That's insane. 1hr and 45 left to go, and it's at $1,675.00.

Roger


----------



## lovedr79 (Dec 13, 2016)

sold for 1675. dang! wait until that bad boy gets hung up in the top of a tree


----------



## Jim (Dec 13, 2016)

lovedr79 said:


> sold for 1675. dang! wait until that bad boy gets hung up in the top of a tree



That is just crazy. :roll:


----------



## earl60446 (Dec 14, 2016)

First cast, a pike smashes it, cuts the line and swims away with it in his mouth. Owner spends rest of his vacation fishing the same spot trying to catch same pike.
Tim


----------



## Johnny (Dec 14, 2016)

LOL Earl LOL !!!!! that is exactly what 99% of us would do.
the other 1% would resort to more drastic measures . . . 
dynamite comes to mind also scuba gear and a spear gun

That's funny right there


----------



## lovedr79 (Dec 15, 2016)

earl60446 said:


> First cast, a pike smashes it, cuts the line and swims away with it in his mouth.
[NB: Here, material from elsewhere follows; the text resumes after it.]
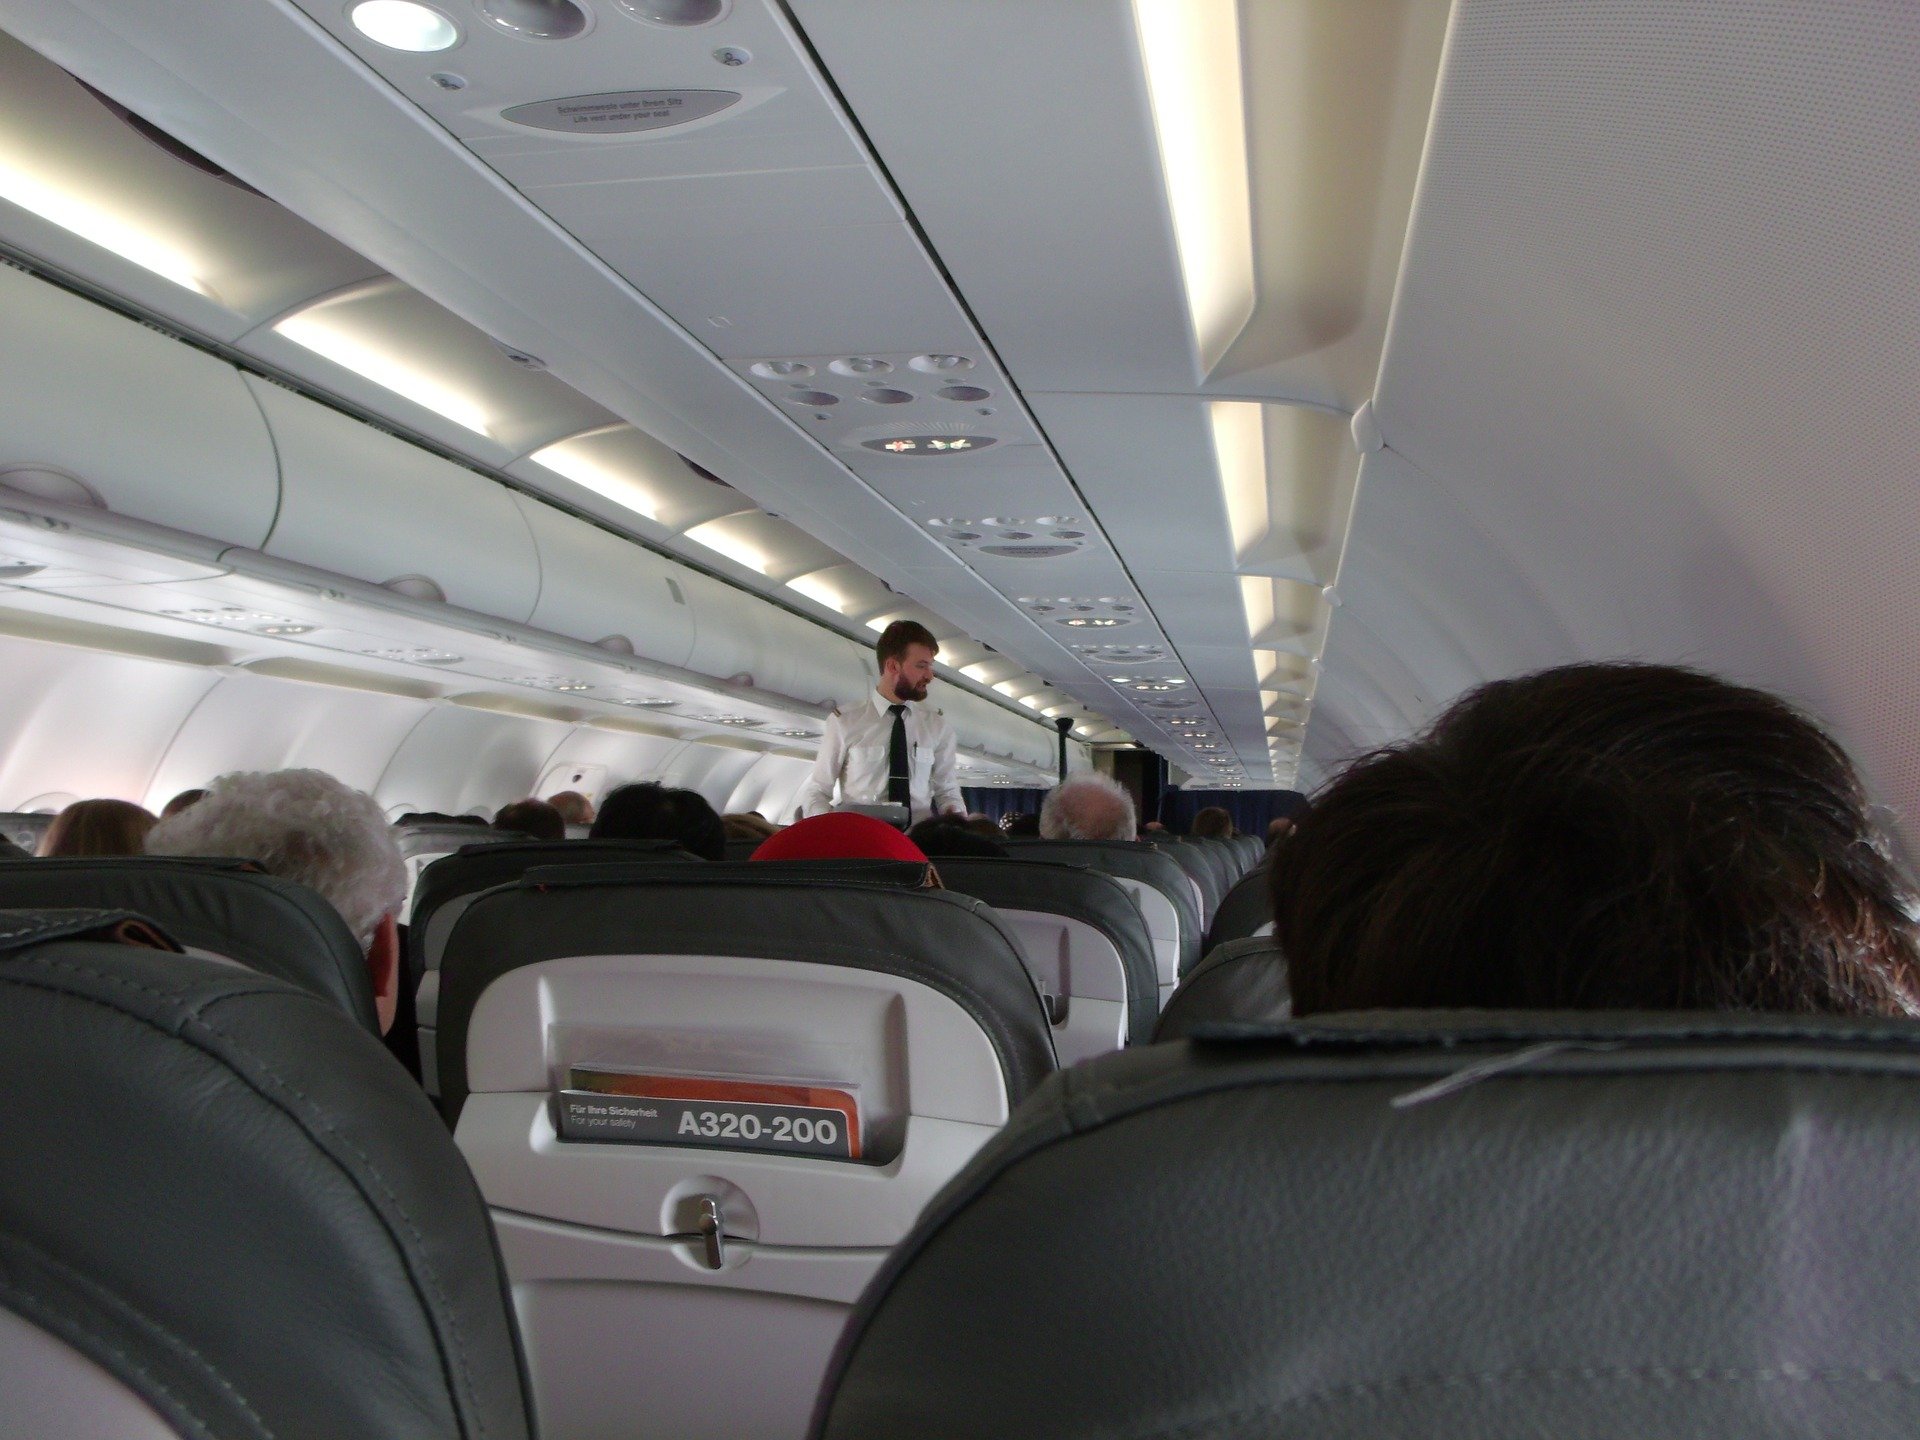 Im Flugzeug nach Kalifornien hatte die Frau keine Ahnung, wie sie das Problem lösen sollte, also beschloss sie, sich an eine Flugbegleiterin zu wenden | Quelle: Pexel
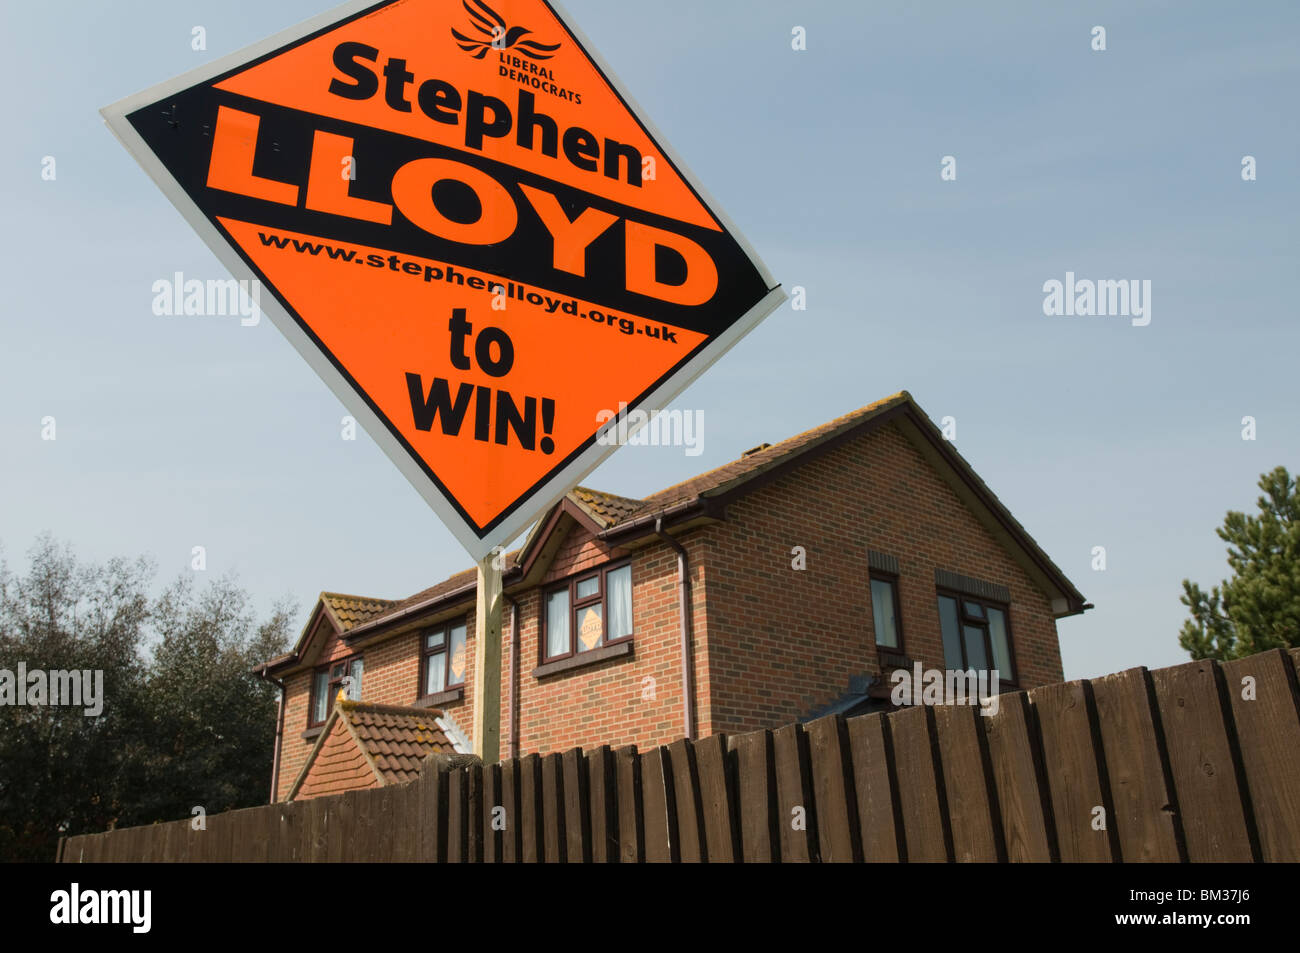 Regno Unito, Inghilterra, 18 Aprile 2010 - nella corsa al 2010 elezione generale un gran candidato la scheda viene presentato. Foto Stock

Owner spends rest of his vacation fishing the same spot trying to catch same pike.
> Tim



EXACTLY! lord help them if the wife finds out how much it cost.


----------



## LDUBS (Dec 15, 2016)

This is so far over the top that I can't find the words.... What am I missing, other than a boatload of unneeded cash, haha.


----------



## Jim (Dec 15, 2016)

LDUBS said:


> This is so far over the top that I can't find the words.... What am I missing, other than a boatload of unneeded cash, haha.


 :LOL2: 

Exactly!


----------



## overboard (Dec 15, 2016)

So now that you have it, what you going to do with it Jim!  :lol: 

Probably see it back on ebay in a few years, as a collectors item for 5k! 
As PT Barnum once said "there's a sucker born every minute"!


----------



## Wyatt (Dec 16, 2016)

I think it should be placed in the next box pass! Lol


----------



## lovedr79 (Dec 16, 2016)

Wyatt said:


> I think it should be placed in the next box pass! Lol



next monthly give away


----------